NICE CKS and the BNF are essential reference tools. When you get a question wrong, checking the relevant CKS topic or BNF entry — or using iatroX's clinical AI to query the guideline — closes the loop between practice and understanding.

Guidance for IMGs

Since August 2024, PLAB 1 has been aligned with the MLA Content Map. This means that PLAB 1 and the UKMLA AKT test the same clinical knowledge. Whether you book an exam under the name "PLAB 1" or "UKMLA AKT," the content is effectively identical.

The practical implication: PLAB-branded resources (PLABable, MedRevisions, Pastest PLAB modules) and UKMLA-branded resources (Geeky Medics, Quesmed, PassMedicine) are both applicable. The underlying clinical content is the same.

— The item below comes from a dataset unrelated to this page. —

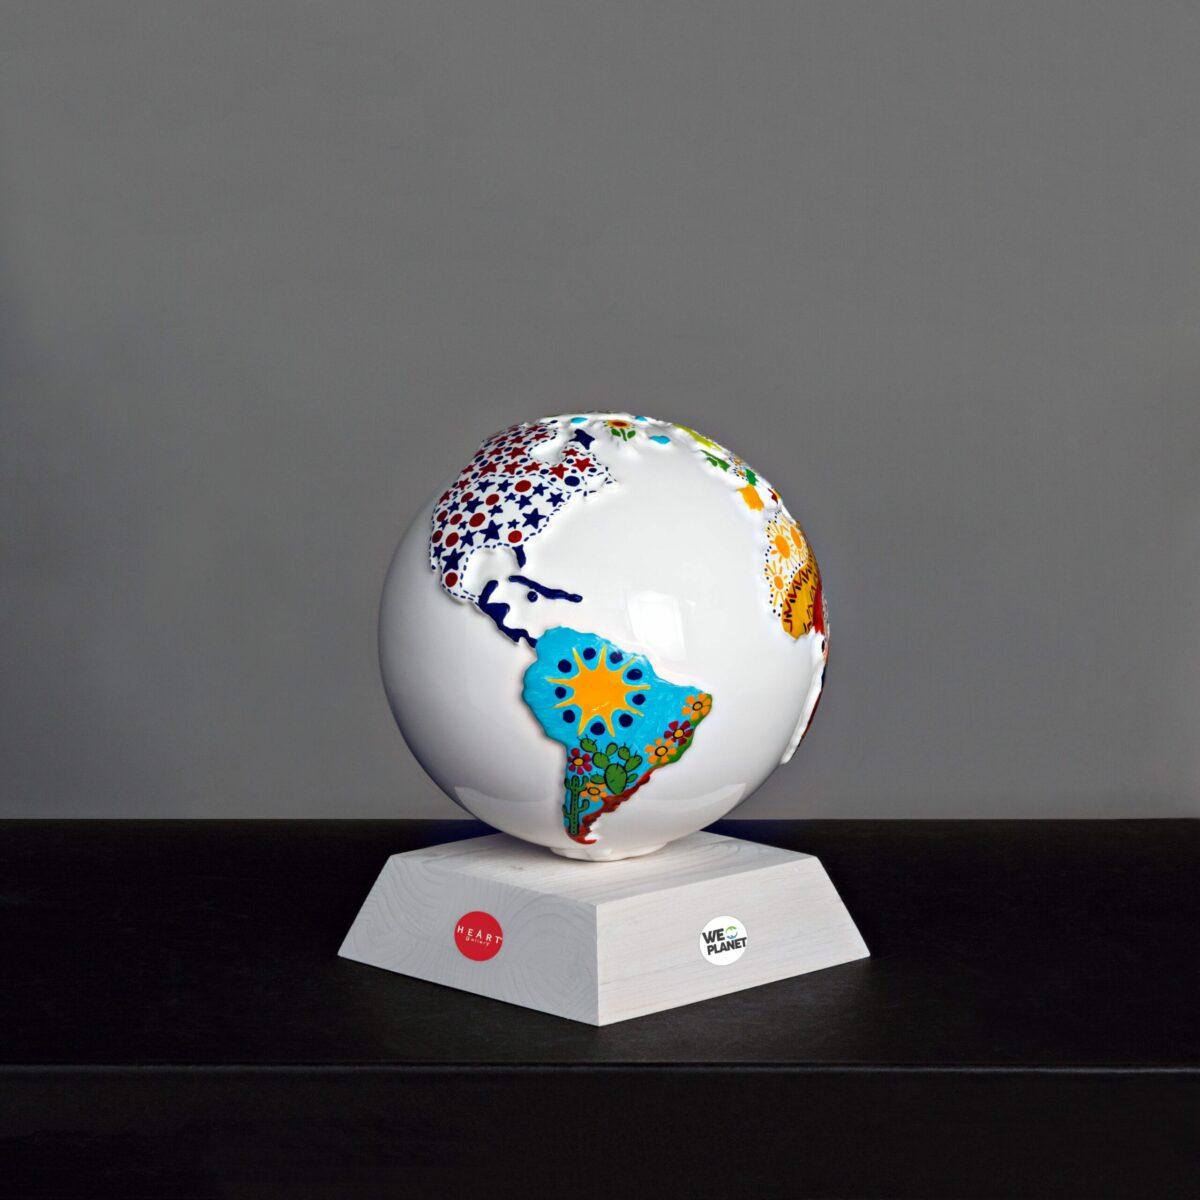 mappamondo in ceramica bianco con decori colorati sui continenti e appoggiato su una base di legno bianca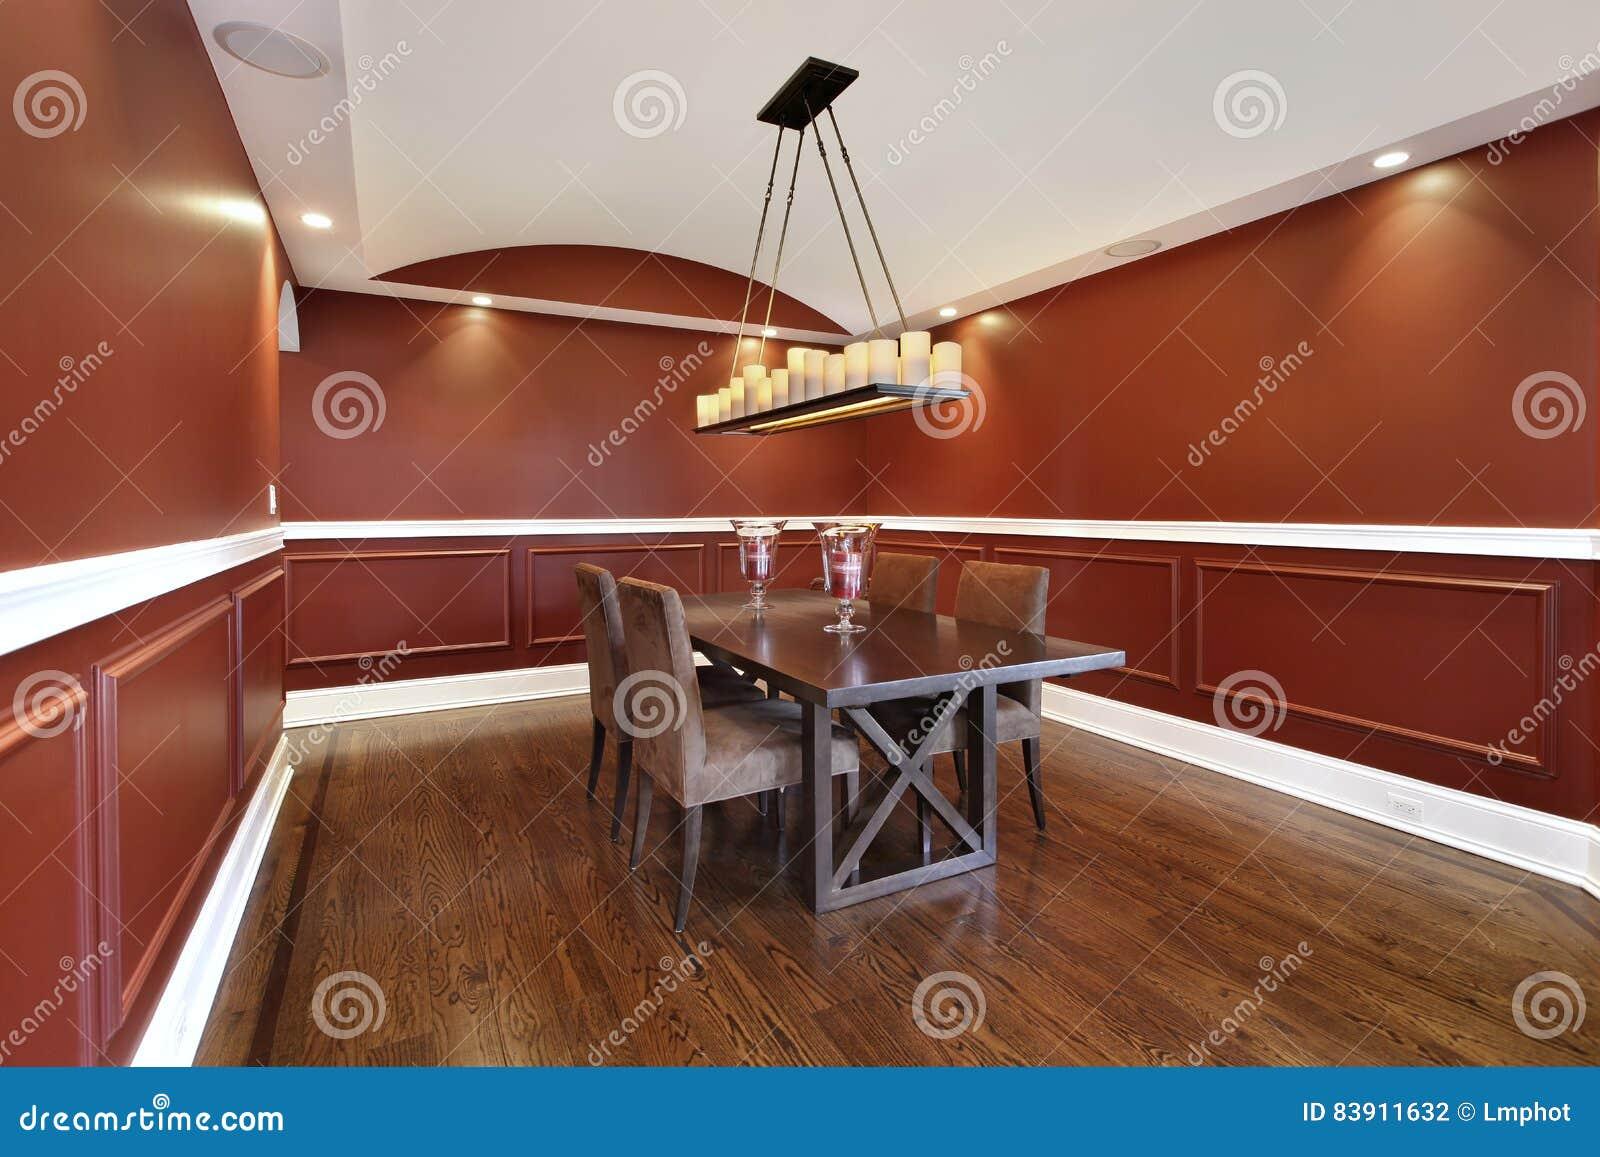 Eetkamer Van Oranje : Eetkamer met oranje muren stock foto afbeelding bestaande uit

iatroX covers both PLAB and UKMLA for free. Since the content is aligned, one bank serves both exams. For a detailed comparison of the relationship between PLAB and UKMLA, see the PLAB vs UKMLA comparison.

IMG-specific considerations: familiarise yourself with UK-specific guidelines (NICE, CKS, BNF). Many correct answers in the UKMLA are determined by UK guideline recommendations, which may differ from the management approaches used in your home country. Using a UK-focused Q-bank (rather than a global resource) ensures you learn the UK-specific management.

Study Plan

For UK medical students integrating UKMLA preparation into their final year, the AKT revision typically runs alongside clinical placements. Start Q-bank practice at the beginning of the final year, aiming for 30–50 questions per day alongside clinical learning. Increase to 50–80 questions per day in the dedicated revision period before the exam.

For IMGs preparing for PLAB 1/UKMLA, a dedicated 3–6 month preparation period is typical. Focus heavily on UK-specific guidelines (NICE, CKS, BNF), prescribing conventions (BNF), and clinical scenarios set in UK primary care and hospital contexts.

For both groups, mock exams under timed conditions are essential. Do at least 3–4 full-length mocks before sitting the real exam.

Information based on GMC publications and public sources as of 21 April 2026. Trademarks belong to their owners.